O secretário de Fazenda de Mato Grosso, Rogério Gallo, que apresentou no decorrer da semana o balanço do quadrimestre de 2020 no Estado, disse que pela primeira vez na história, depois de dez anos consecutivos, o governo gasta menos do que arrecada.

_“Depois de dez anos consecutivos no vermelho, gastando mais do que se arrecada, nós fechamos 2019 no azul. Arrecadamos mais do que gastamos”, argumentando que “ainda existem dívidas de outros exercícios, mas pela primeira vez em dez anos, arrecadamos mais do que gastamos”.

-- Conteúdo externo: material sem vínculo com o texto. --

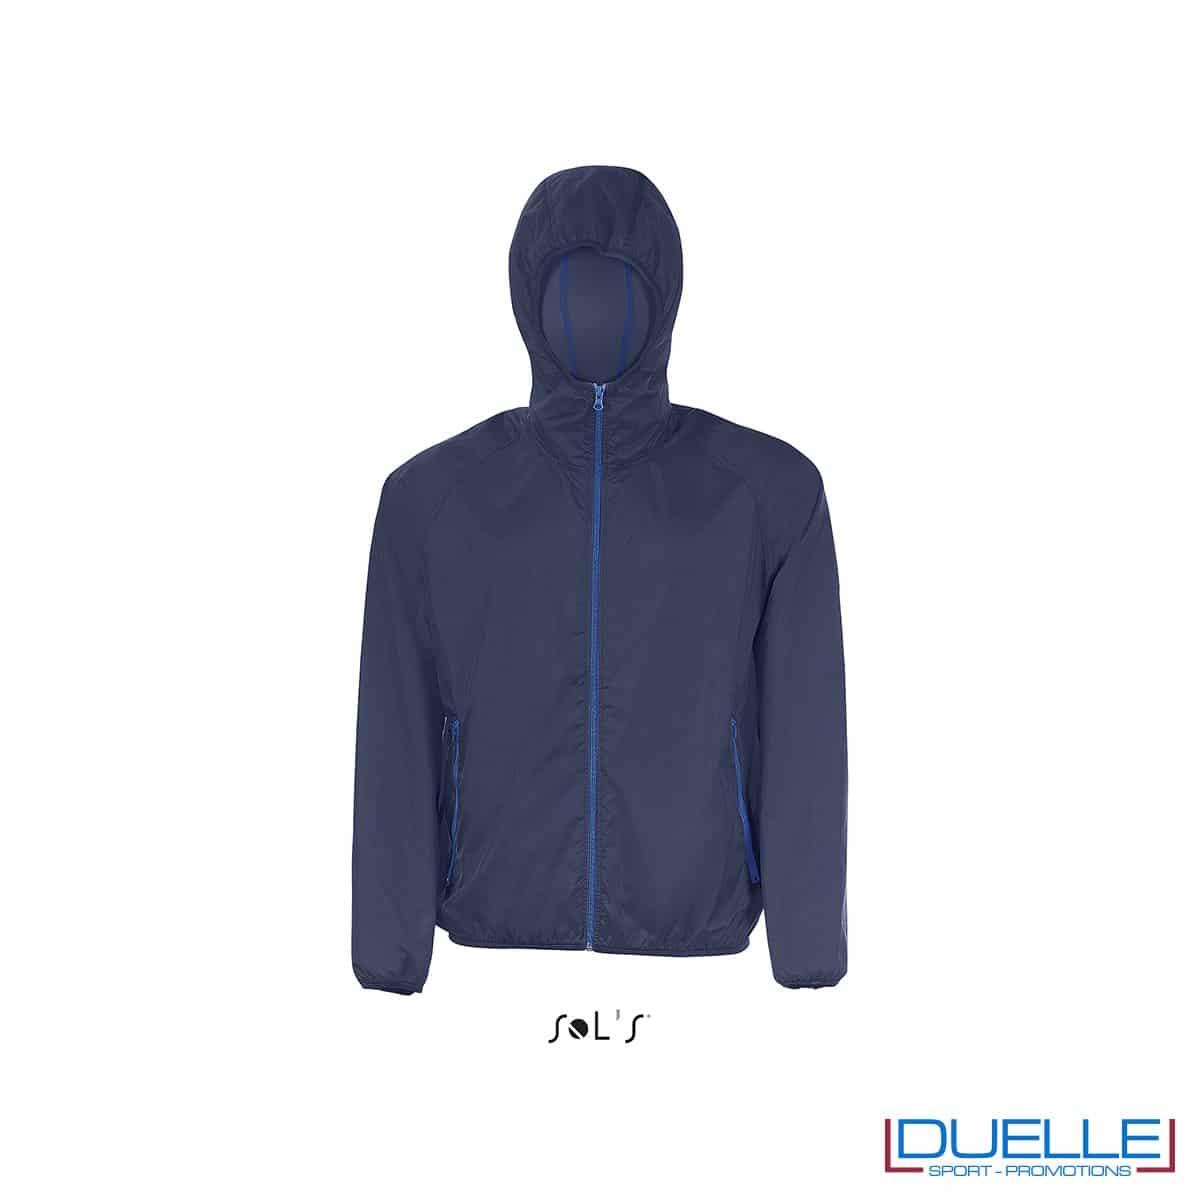 giacca antivento personalizzata in colore blu navy, kappa way personalizzato blu navy, k-way personalizzato blu navy, abbigliamento promozionale personalizzato

Segundo o secretário, no balanço do primeiro quadrimestre de 2020, janeiro a abril, “nós tivemos nos três primeiros meses uma ótima arrecadação. Nós vínhamos com um nível de arrecadação 20% superior ao mesmo período do ano passado”.

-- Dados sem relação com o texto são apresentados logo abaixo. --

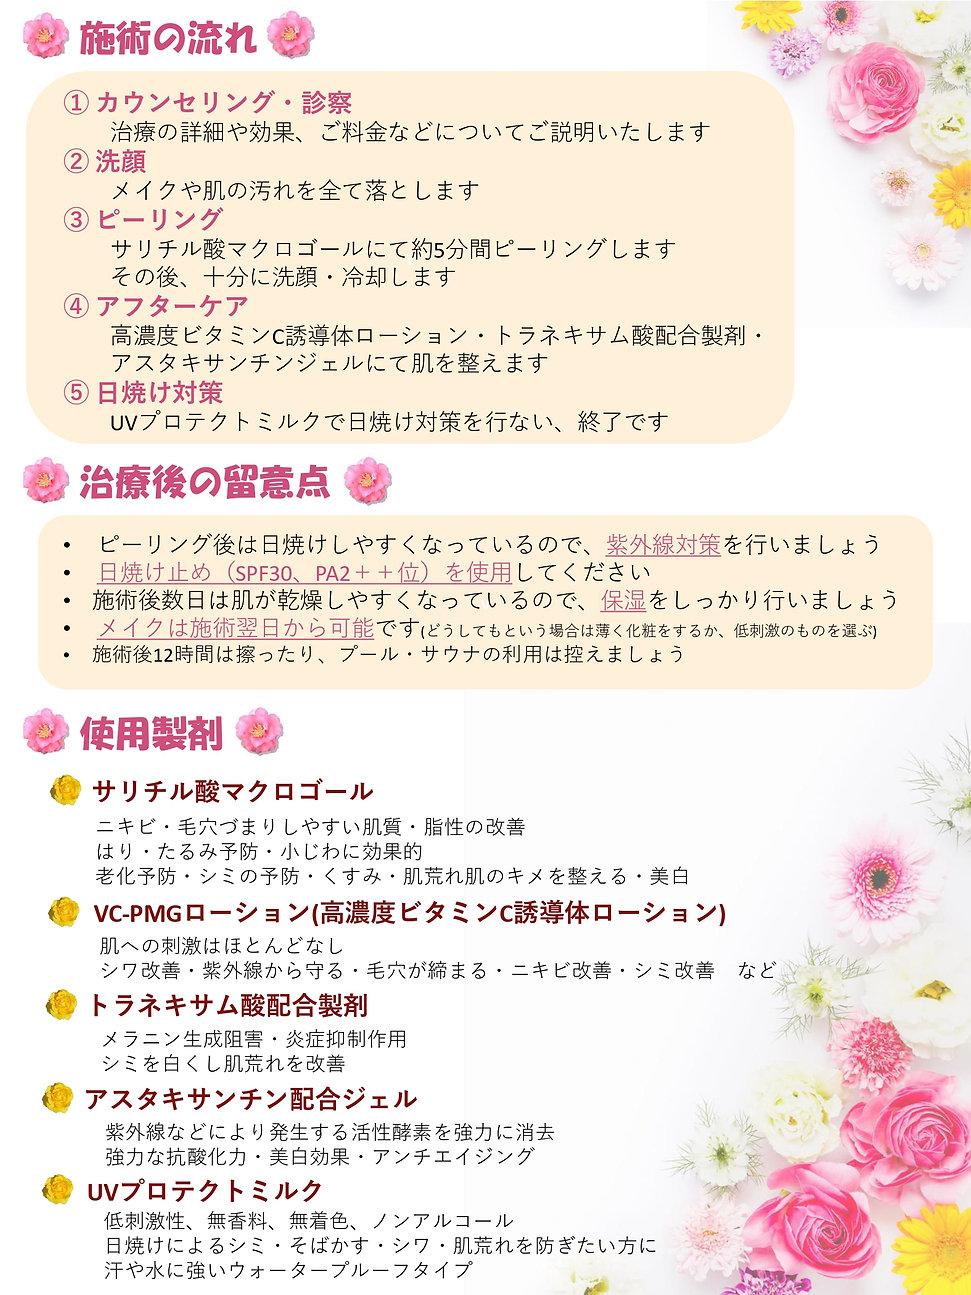 ケミカルピーリング_page-0002.jpg

Conforme o secretário, esse equilíbrio nas finanças públicas foi altamente positivo para que o Estado atravessasse o período de pandemia do coronavírus, sem maiores problemas. “Com isso nós tivemos condições de enfrentar a pandemia, mesmo sem a ajuda emergencial do governo, o Estado tinha dinheiro em caixa porque fez o dever de casa. Controlou as contas públicas e tinha dinheiro em caixa para fazer o que foi feito lá no Metropolitano, por exemplo, uma ampliação de 180 vagas”, recordou.

“Tivemos o primeiro quadrimestre com equilíbrio orçamentário, gastando menos do que arrecadamos, colocando o Estado num novo rumo, fazendo com que nossos fornecedores recebam em dia e também os servidores públicos, onde já conseguimos trazer do dia 10 para o dia 5, o pagamento dos salários e isso será uma tônica daqui para frente por conta da disciplina fiscal, do respeito com as contas públicas”.

Rogério Gallo disse que “junho e julho tivemos uma queda em relação ao que vínhamos arrecadando. De janeiro a março de 2020, para citar um exemplo, arrecadamos 25% a mais do que no mesmo período de 2019. Nós caímos no segundo trimestre, para 3,5%, quer dizer, de abril a junho nós crescemos apenas 3,5%. Houve uma queda frente ao que vínhamos arrecadando em função da pandemia. Ainda assim continuamos com uma arrecadação superior em relação ao ano passado”.

”De acordo com os dados, a receita total no primeiro quadrimestre de 2020 foi de R$ 6,8 bilhões; já despesa total liquidada chegou a R$ 5,1 bilhões. O resultado foi um superávit na ordem de R$ 1,6 bilhões”.